Three new species of wētā have been discovered in New Zealand's southern islands, all belonging to two new genera new to science.
Massey University professor in evolutionary ecology Steven Trewick detailed the discoveries in a newly published paper, Two new genera of tokoriro (Orthoptera: Rhaphidophoridae: Macropathinae) from Aotearoa New Zealand.
The new species are Crux boudica, Crux heggi and Occultastella morgana.
"Unfortunately, they're not giant ones, and perhaps that's why it's taken a little bit longer to encounter them," Trewick told RNZ's Morning Report on Tuesday.
"They're quite small, cryptic, but very pretty and interesting once you've seen that they're there."
Occultastella was found in the coal seam soils of Denniston Plateau on the West Coast. Trewick described its appearance as "startling". Its genus name means 'hidden star', and the species was named for orthopterist Mary Morgan-Richards, whom Trewick's paper said "contributed extensively on the ecology, systematics and taxonomy of New Zealand Rhaphidphoridae and Anostostomatidae" (different types of wētā).
"It's little, very dark and it has these extraordinary white flame markings on its head… There's some sort of economic history about that area," he said, referring to the region's mining industry, "so it was quite extraordinary finding a whole new not just species, but a whole new genus, at that location."
Crux boudica and Crux heggi were found on Rakiura / Stewart Island. 'Crux' is a constellation also known as the Southern Cross.
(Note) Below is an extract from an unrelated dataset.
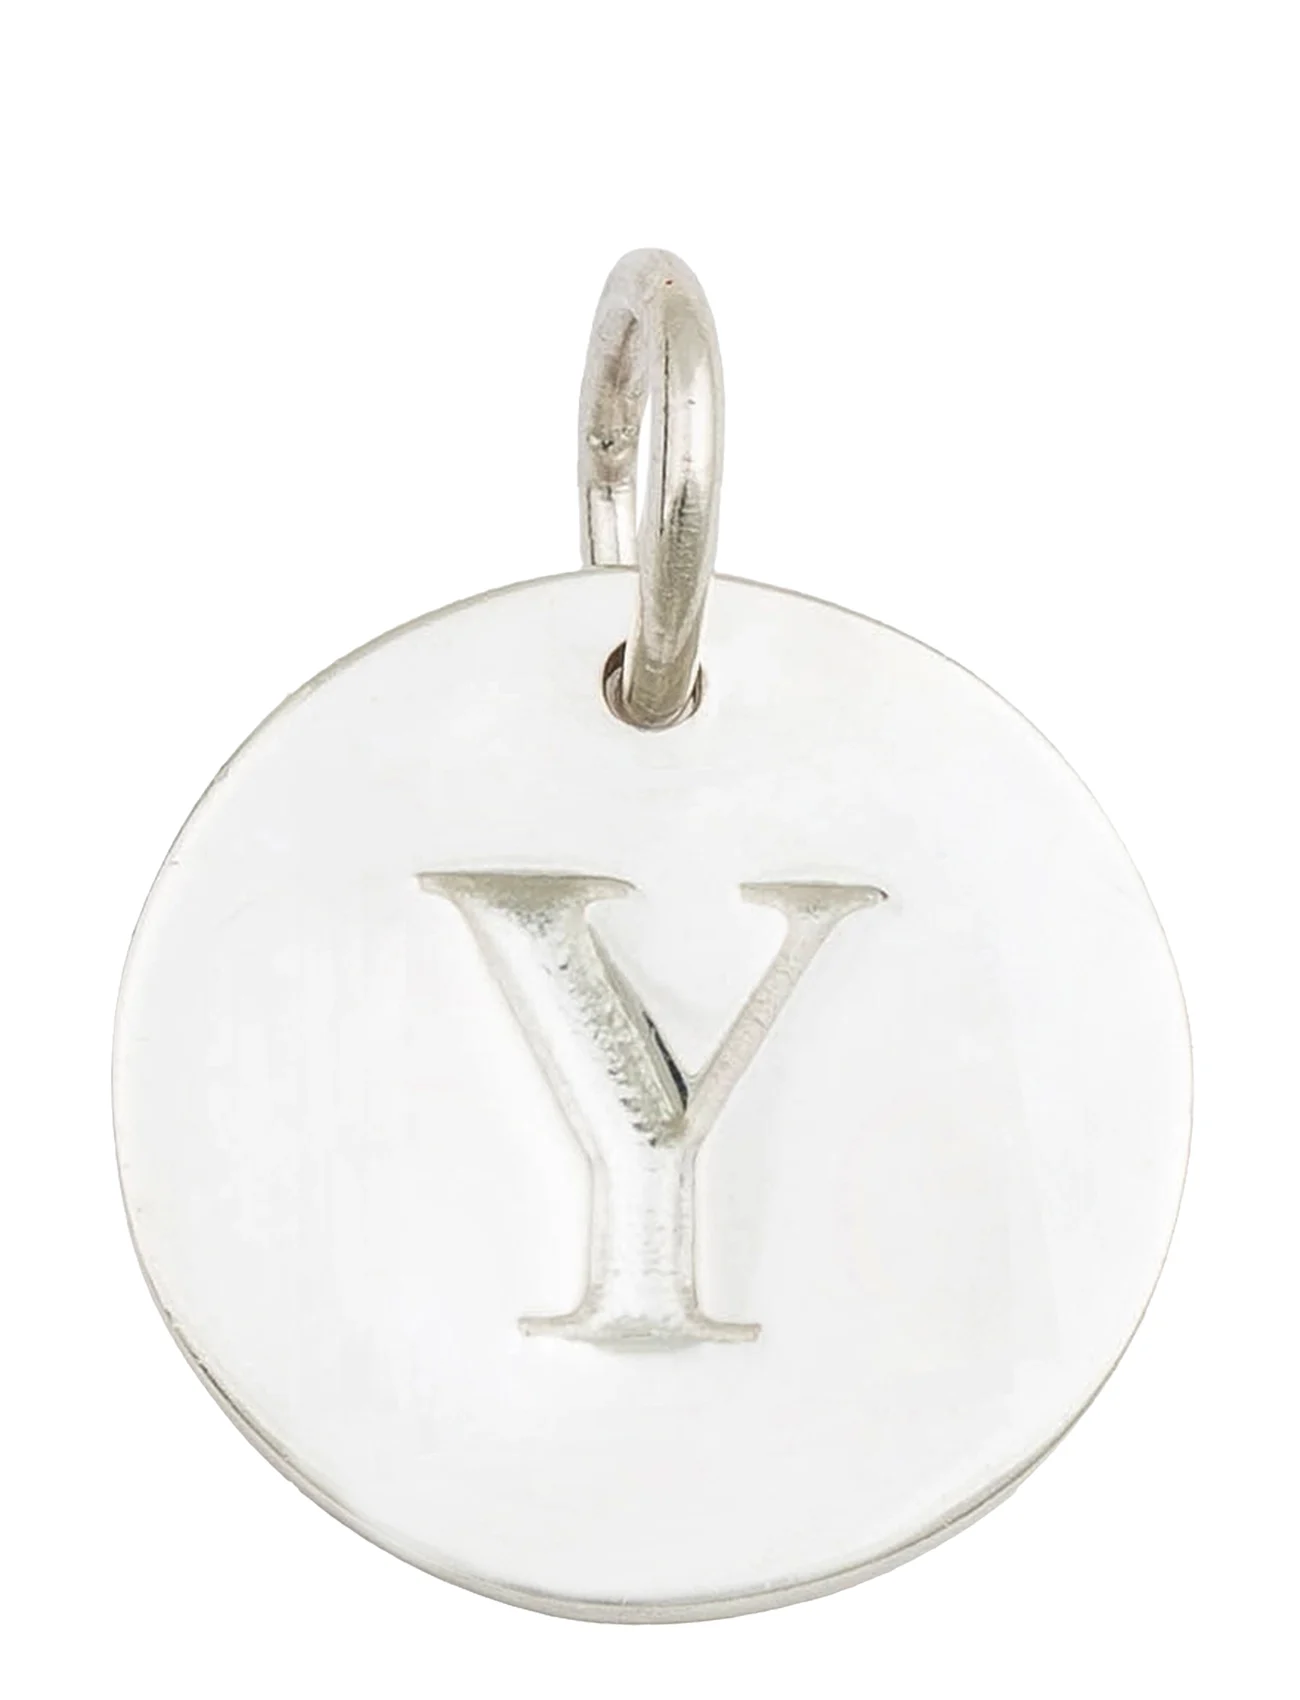 Syster P - Beloved Letter Silver - odzież imprezowa w cenach outletowych - silver - 0

The former was named after the Iceni queen who led an uprising against the conquering Romans in the first century CE "who apparently had that chariot with swords on her wheels".
"Well, the females of this species have this whole set of prongs and spikes sticking out from their bellies that must be something to do with them controlling the reproductive activity with males of that species.
"We've never seen them at it, but it's very formidable armoury… that's not normal in wētā. There are some other kinds of wētā where the females are, you know, dominant in controlling the reproductive activity, but they do it in other ways - by demanding natural gifts, presents from the males before they allow them to mate. But there seems to be a slightly different approach to the business."
Genus, plural genera, are the taxonomic grouping above species - for example, while lions and tigers are different species, they belong to the genus panthera - basically, big cats.
Crux heggi's species name came from orthopterist Danilo Hegg, "who collected specimens of this taxon and who has contributed extensively to revision of the New Zealand Rhaphidophoridae".
Trewick said the number of known wētā species was increasing "all the time", though none of those introduced in his new paper were giant, "unfortunately".
"The wētā that people are most familiar with are the tree wētā and obviously giant wētā, the species that we talk about - although most people won't encounter a giant wētā unless they're on a reserve island. But the majority of our diversity is in the group that we commonly call cave wētā, even though most of them don't live in caves. Most of them are in the forests, the native forests, up in the alpine zones in amongst the rocks, for instance.
"And we're talking, you know, something 70-plus species - and new stuff being discovered all the time, which is why we're sort of we're making a point of finding these species, because it is extraordinary in a country like New Zealand to be discovering new diversity even amongst fairly familiar kinds of organisms, like wētā."
He said research had now proved wētā were amongst the species which began thriving and evolving not long after New Zealand began to form over 16 million years ago.
"It does tell us something, because we have got fossil time-calibrated phylogenetics - so we've got some hypotheses now, some well-supported hypotheses about the patterns of diversification.
"And, so we can see that, particularly amongst these so-called cave wētā, the diversity starts increasing in the Miocene period - so that's about 16 to 19 million years ago when the New Zealand that we sort of recognise now started to form, started to come out of the ocean with the tectonic activity along the Alpine Fault and then diversification is kicking off then… very noticeably in wētā."